TO DO: From top to bottom, retype the data exactly, passing over any picture.

SOURCE DATA:
^^^^

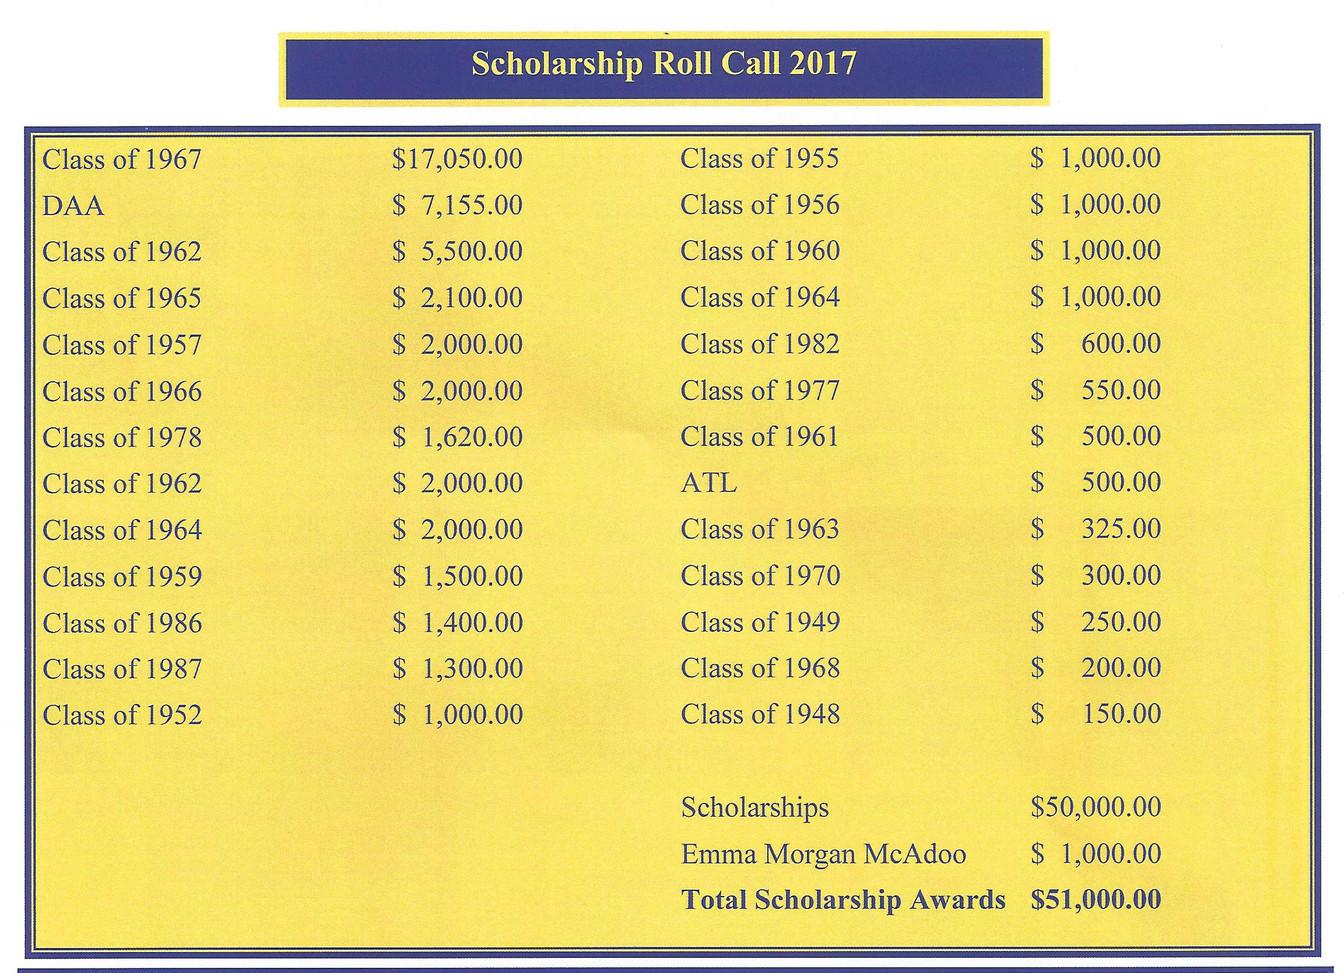 Roll Call 2017
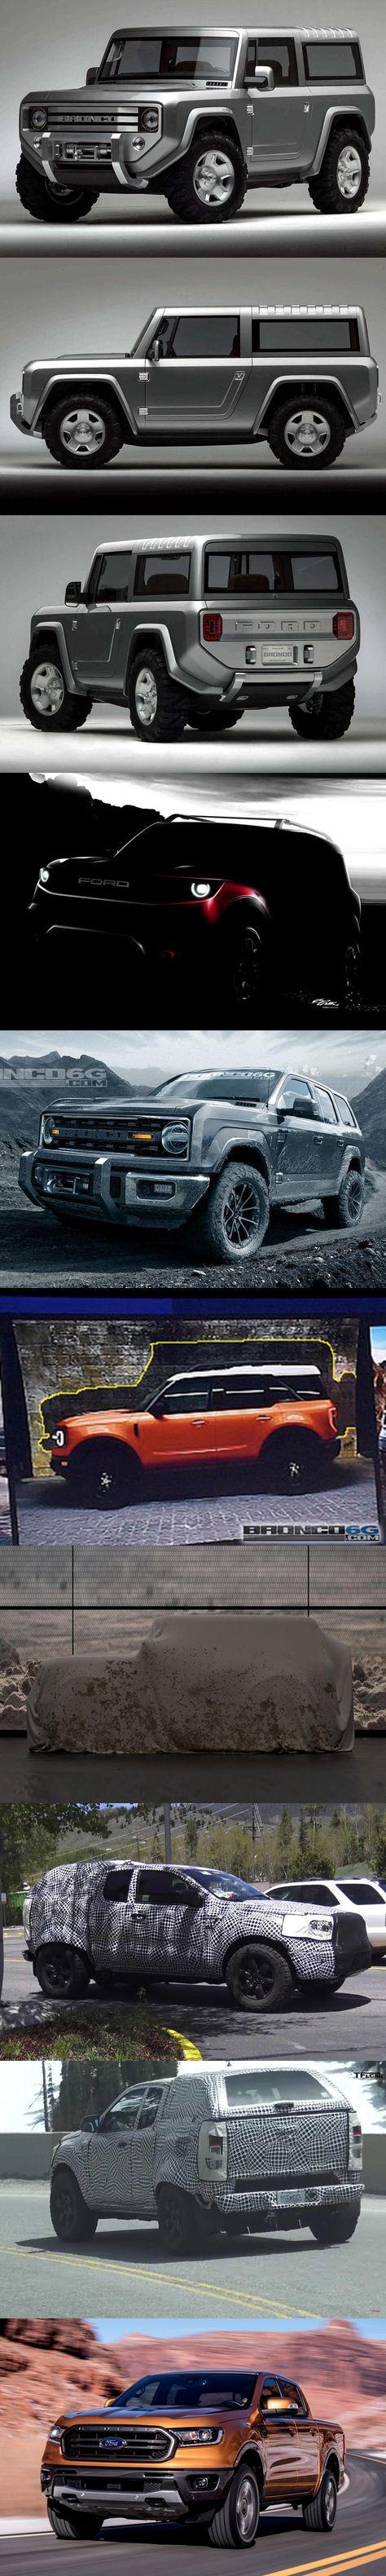 The Bronco Vs Wrangler Showdown Is Coming Soon Ford Bronco
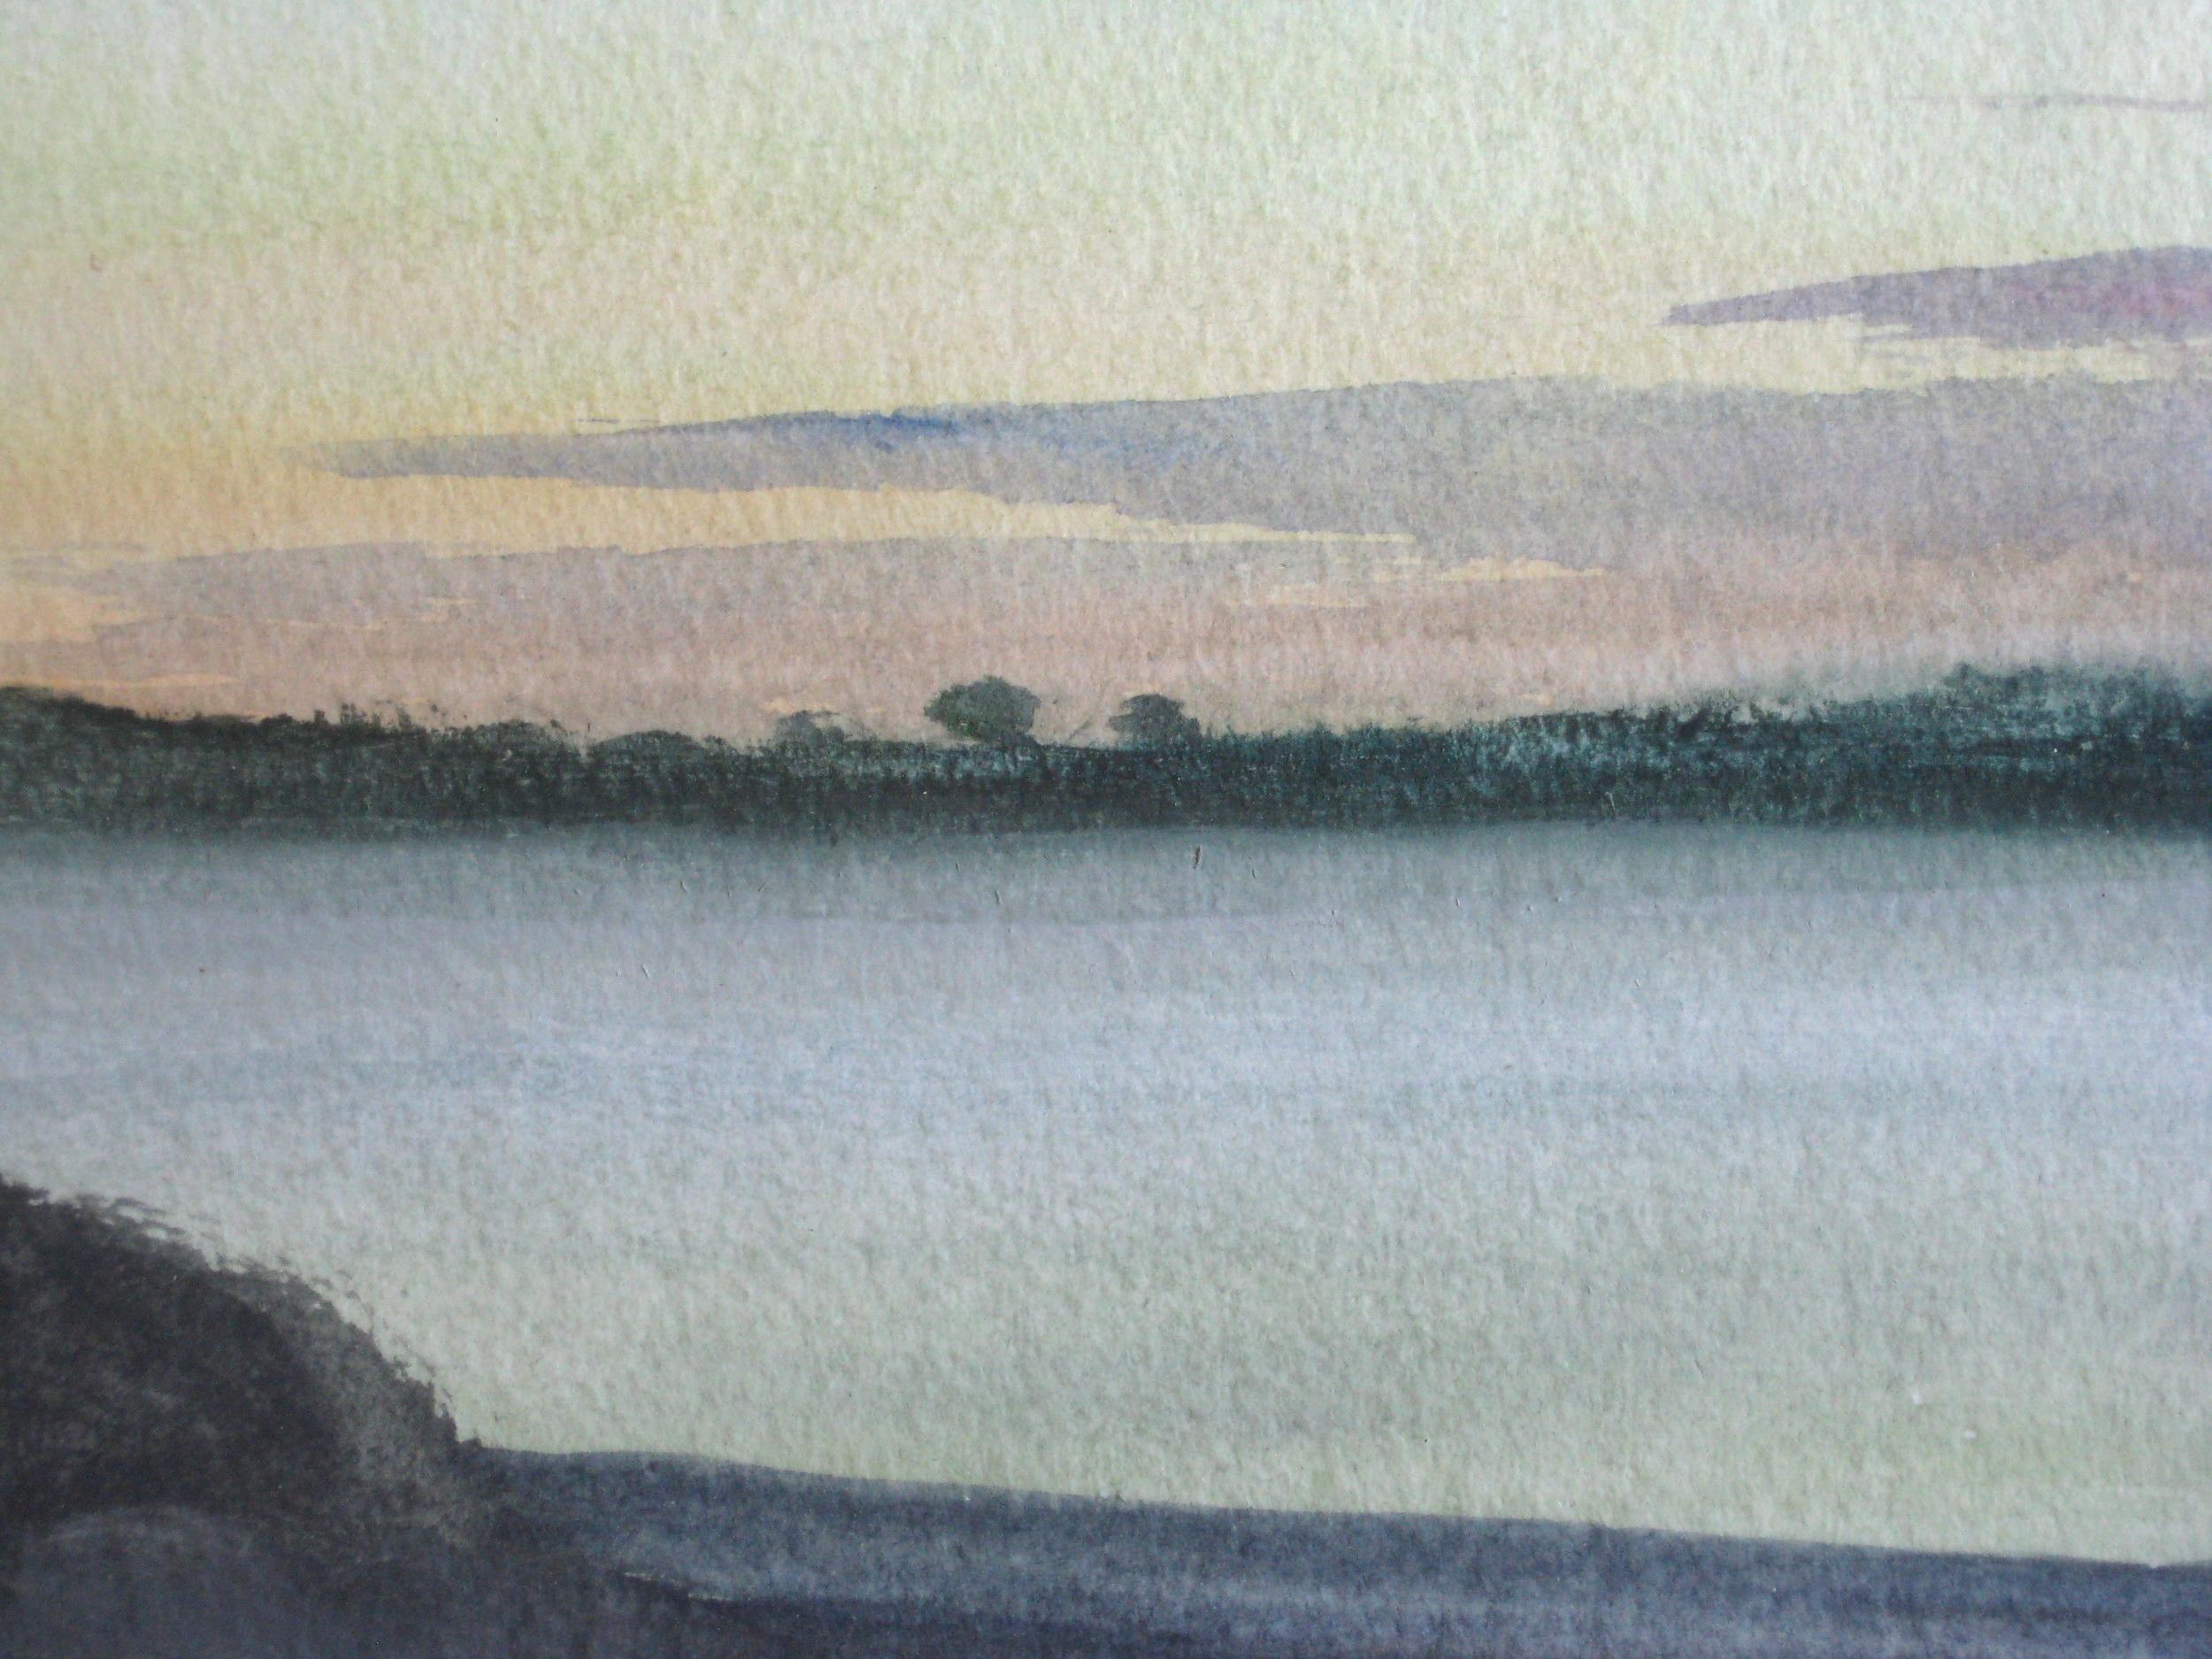 "SANDY COVE  6.5X5.75"" (17X14cm) Watercolour"

^^^^

OUTPUT OF THE EXERCISE:
 Roll Call 2017
 The Bronco Vs Wrangler Showdown Is Coming Soon Ford Bronco
 "SANDY COVE  6.5X5.75"" (17X14cm) Watercolour"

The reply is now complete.